Earliest Memory
Hosted by Kaleidescope 267 Irving St. Brooklyn, NY. June 4th—22, 2025.
Murals by klub2020 · Shibari by Vee & Mono · SFX by Nina Carelli · Music by Michael Joseph Burdi & Alber Baseel · dj set by ukïne-shïma
100% of proceeds will be going to The Educational Bookshop:
The Educational Bookshop opened its doors in 1984. In February of 2025, Israeli police raided the shop, confiscating legions of books, arresting the owner Mahmoud, and his nephew, Ahmad, under the guise of “disturbing public order.” The shop was forced to shutter its doors. The Educational Bookshop is now back up and running now, b”h, but the need for resources to regain stability, and protect from a surge of hate attacks, remains.
“In Palestine, very few things work out as one plans. Dreams are shattered every day. But as they lurch from one era to another on the perpetual political roller-coaster, Palestinians take with them resilience, generosity, family feeling, concern for others and an endless supply of stories which never make it into print. And that is the real story of the Educational Bookshop.” —Leyla Zuaiter
https://www.972mag.com/educational-bookshop-east-jerusalem-raid-arrests/
Slung over a rusted iron railing, a canvas bag catches your gaze. You stop to peer inside. It’s either carrying gold, or it’s filled with the detritus of someone else’s good time. You revel in the abandoned. Then, also, in the Irresistible Beauty of All Things.
At least, that’s beauty on composer-writer Federico Garcia Lorca’s terms. The mundane eclipses, every time. “The imagination merely discovers things already created, it does not invent. And whenever it does so it is defeated by the beauty of reality.”
No-Face swallows Aogaeru. A Feng Shui Money Frog sells on amazon.com. Klub2020 grows up in Warsaw—begins painting. The uprising leaves an indelible mark on the infrastructure, rips a seam right through the city. Klub2020 paints over it, or rather, through it, with a sort of pugilistic guile. Gestural murals extend beyond the walls, beckoning planes of bodies to join in and animate cement. A Lorcesqian beauty takes hold.
And then:
In Kaleidoscope’s gallery, we’re dealt a full Klub2020 deck of playing cards: mating critters, keys, pacified baby. A good, long smoke. A steady stream of breathwork oxygenates the space. New medium and imagery, too: a sweeping ostrich quill pen, and a manifesto of sorts. Prior to this, Klub2020’s fervent pen stuck to its prescribed role, nowhere near scrolls of painted canvas. Worlds are bleeding in Earliest Memory. The imagination hunts, like hunting for treasure: prowling the perimeter, satiated only by reality. Daydreams of the future float through. Memories of the collective follow, in no particular line up, carried in our bones. It’s enough to bow under the weight. Or, waltz like bugs.

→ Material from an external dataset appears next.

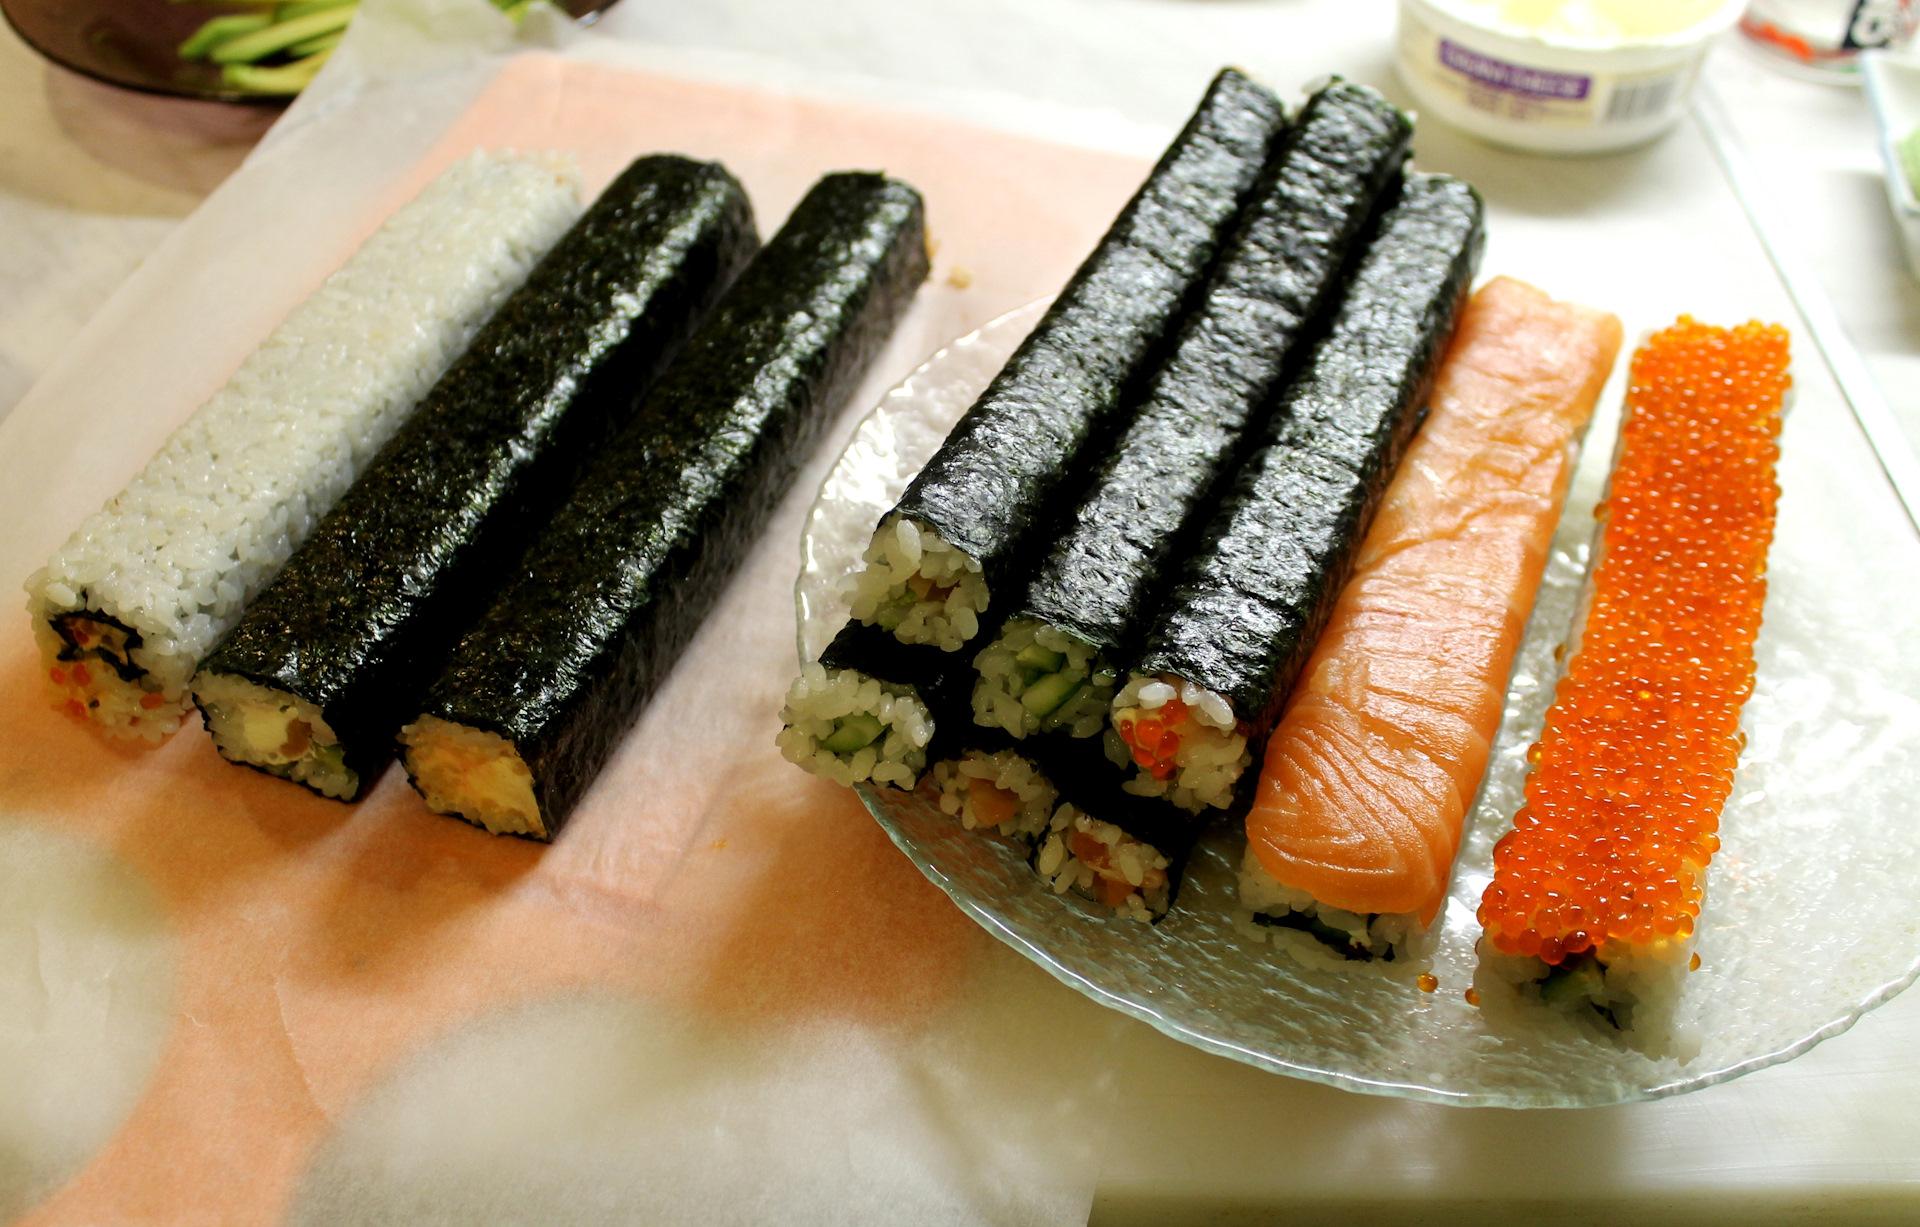 приготовить суши в домашних условиях в картинках
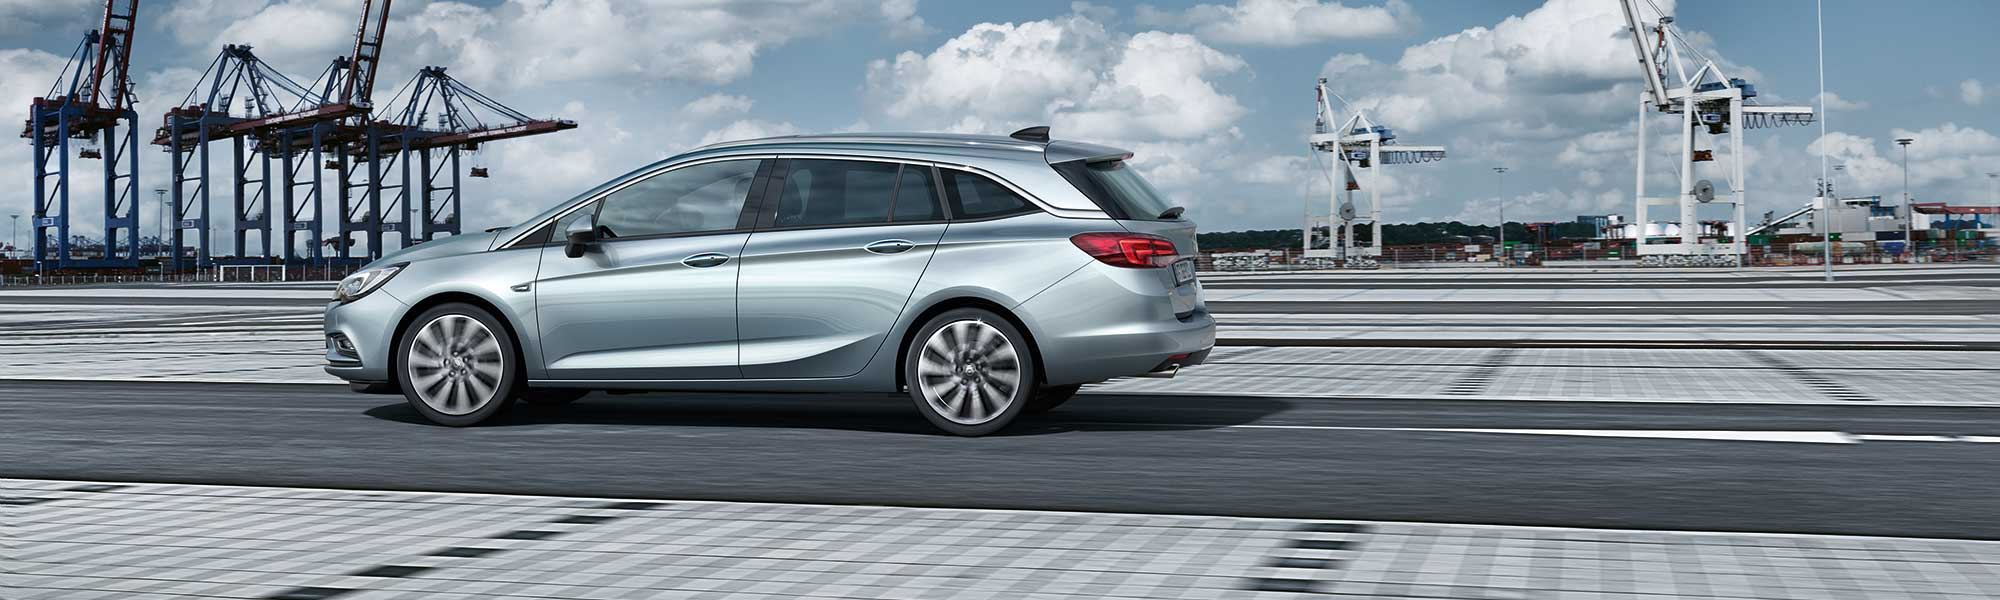 Der Opel Astra Sportstourer

Klub2020 (b. 1997) is a Warsaw-born Berlin-based muralist known for his conceptual approach to graffiti. With a background in cultural studies, fine arts, and sociology, his work blends cultural commentary with elements of internet culture. Over the past decade, his practice has expanded from classical street art and graffiti to include animation, site-specific painting, and research-based murals, driven by a passion for ideas and a fascination with abandoned spaces. Inspired by cultural dynamics and literature, Klub2020 continually challenges both his audience and himself, reaching for the weird and the inexplicable.